## Extracted information
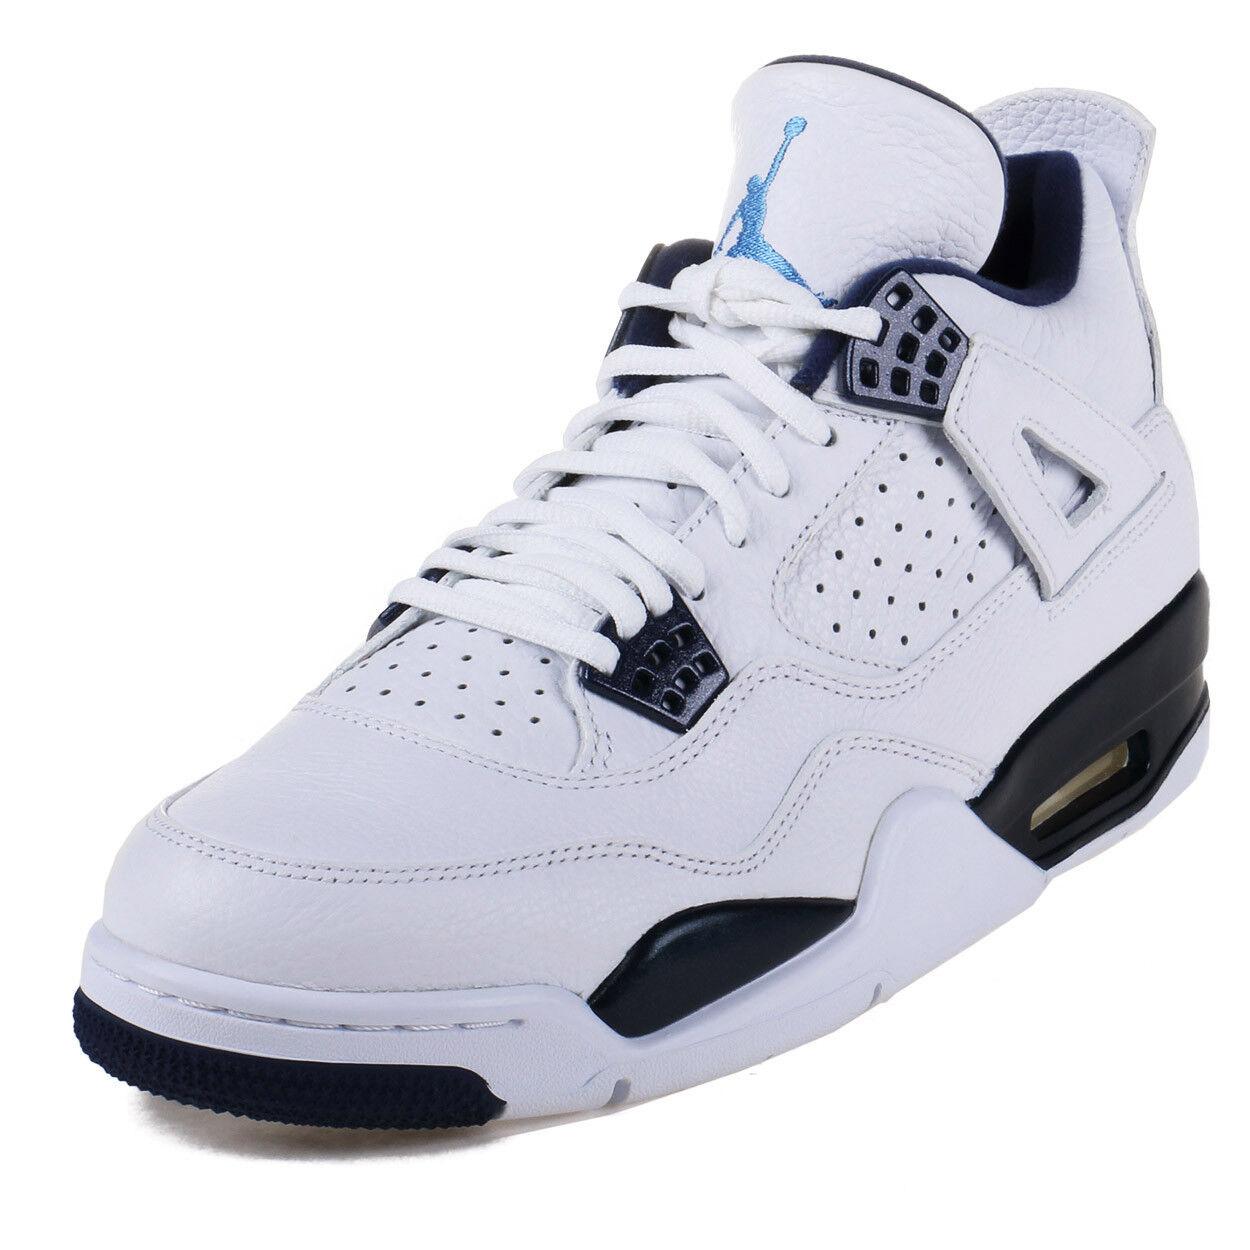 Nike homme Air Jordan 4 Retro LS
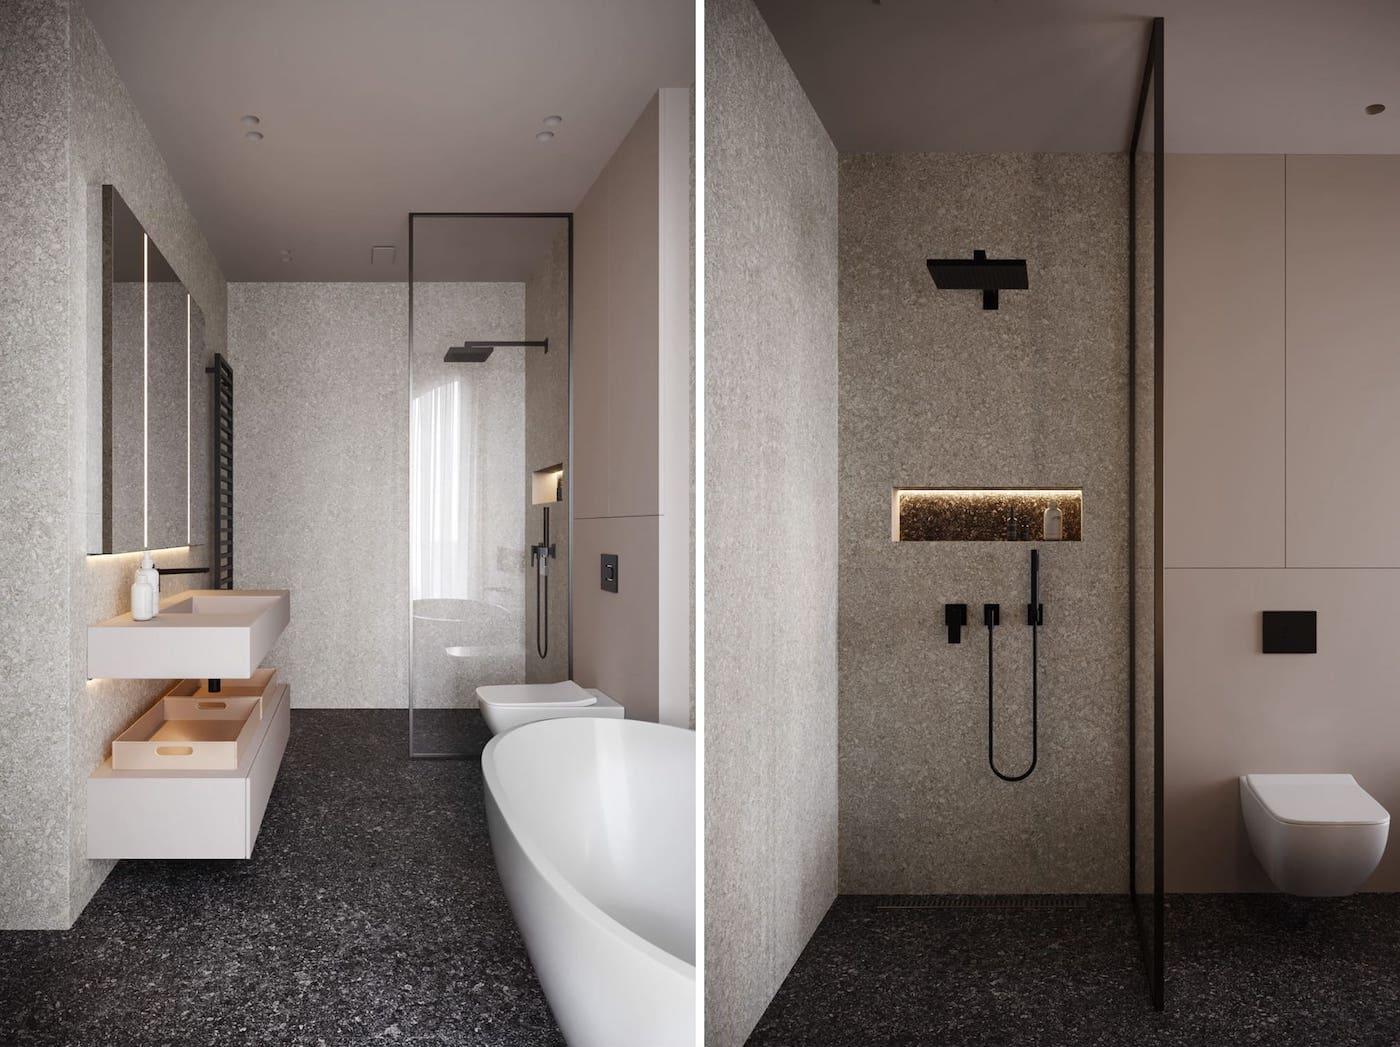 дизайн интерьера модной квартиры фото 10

--

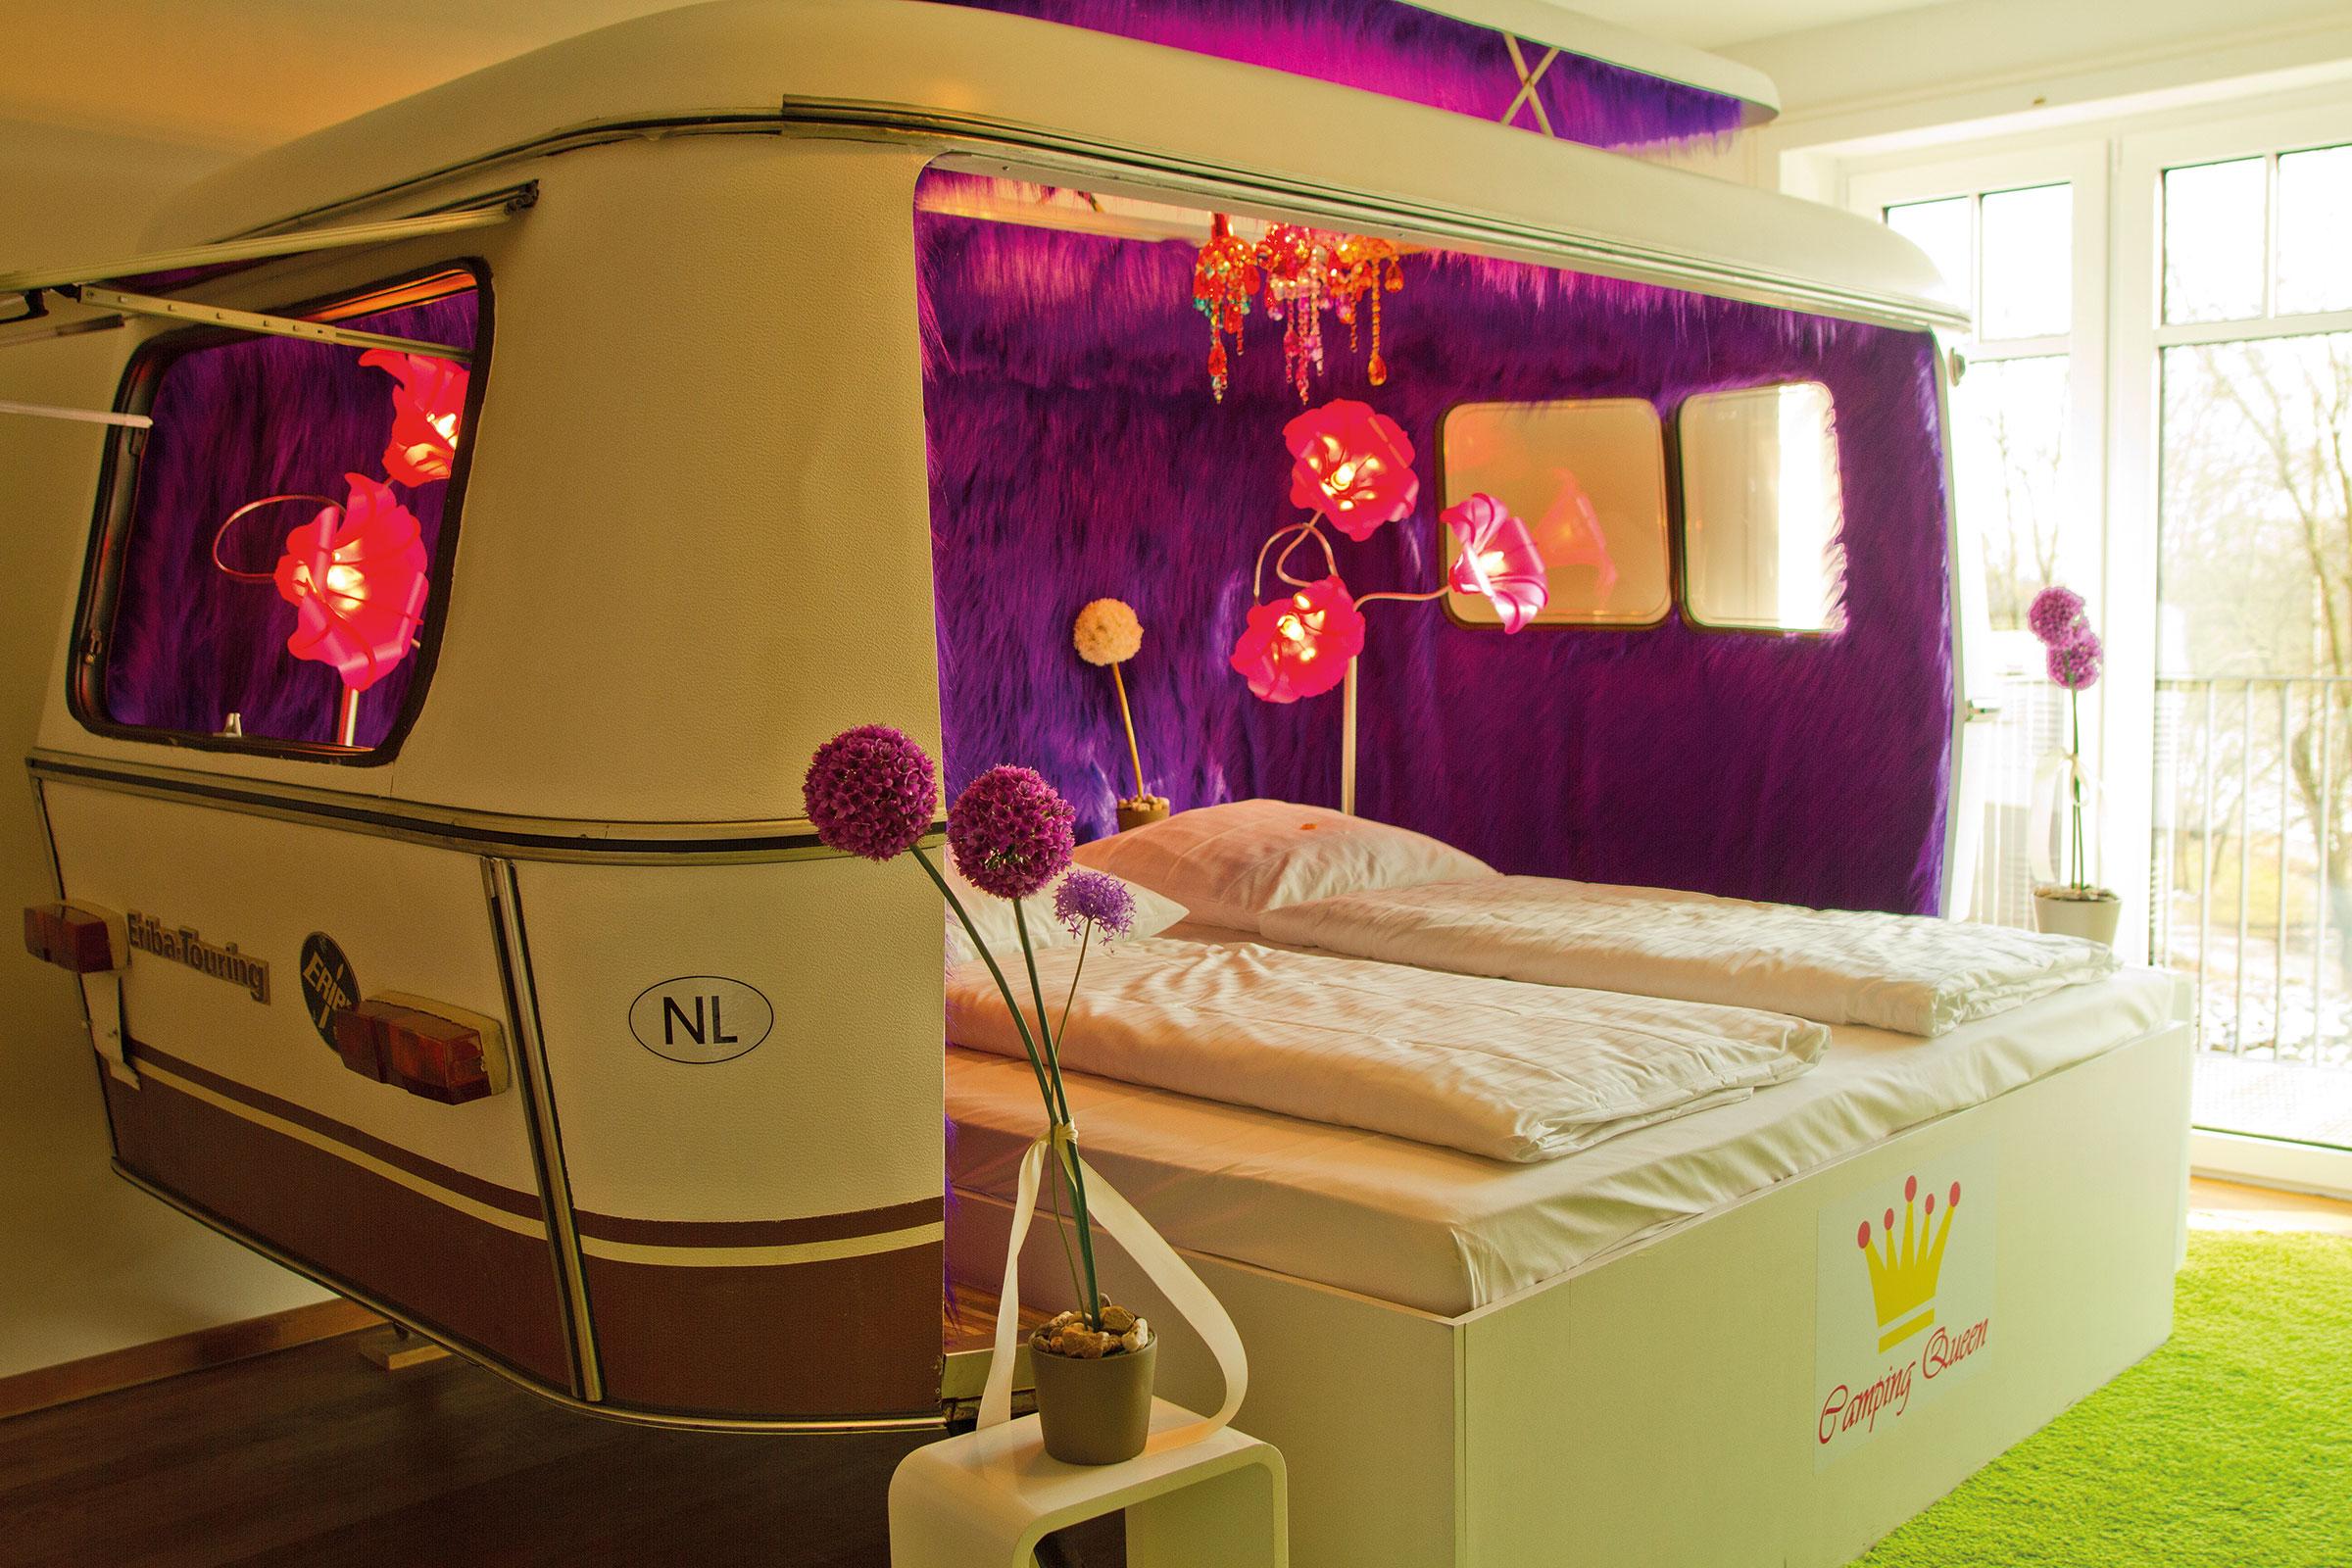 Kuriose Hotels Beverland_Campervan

## Task directions
Starting at the line that contains "Nike homme Air Jordan 4 Retro LS" and ending at the line that contains "дизайн интерьера модной квартиры фото 10", transcribe the material above exactly, excluding pictures.

## Output for this exercise
 Nike homme Air Jordan 4 Retro LS
 дизайн интерьера модной квартиры фото 10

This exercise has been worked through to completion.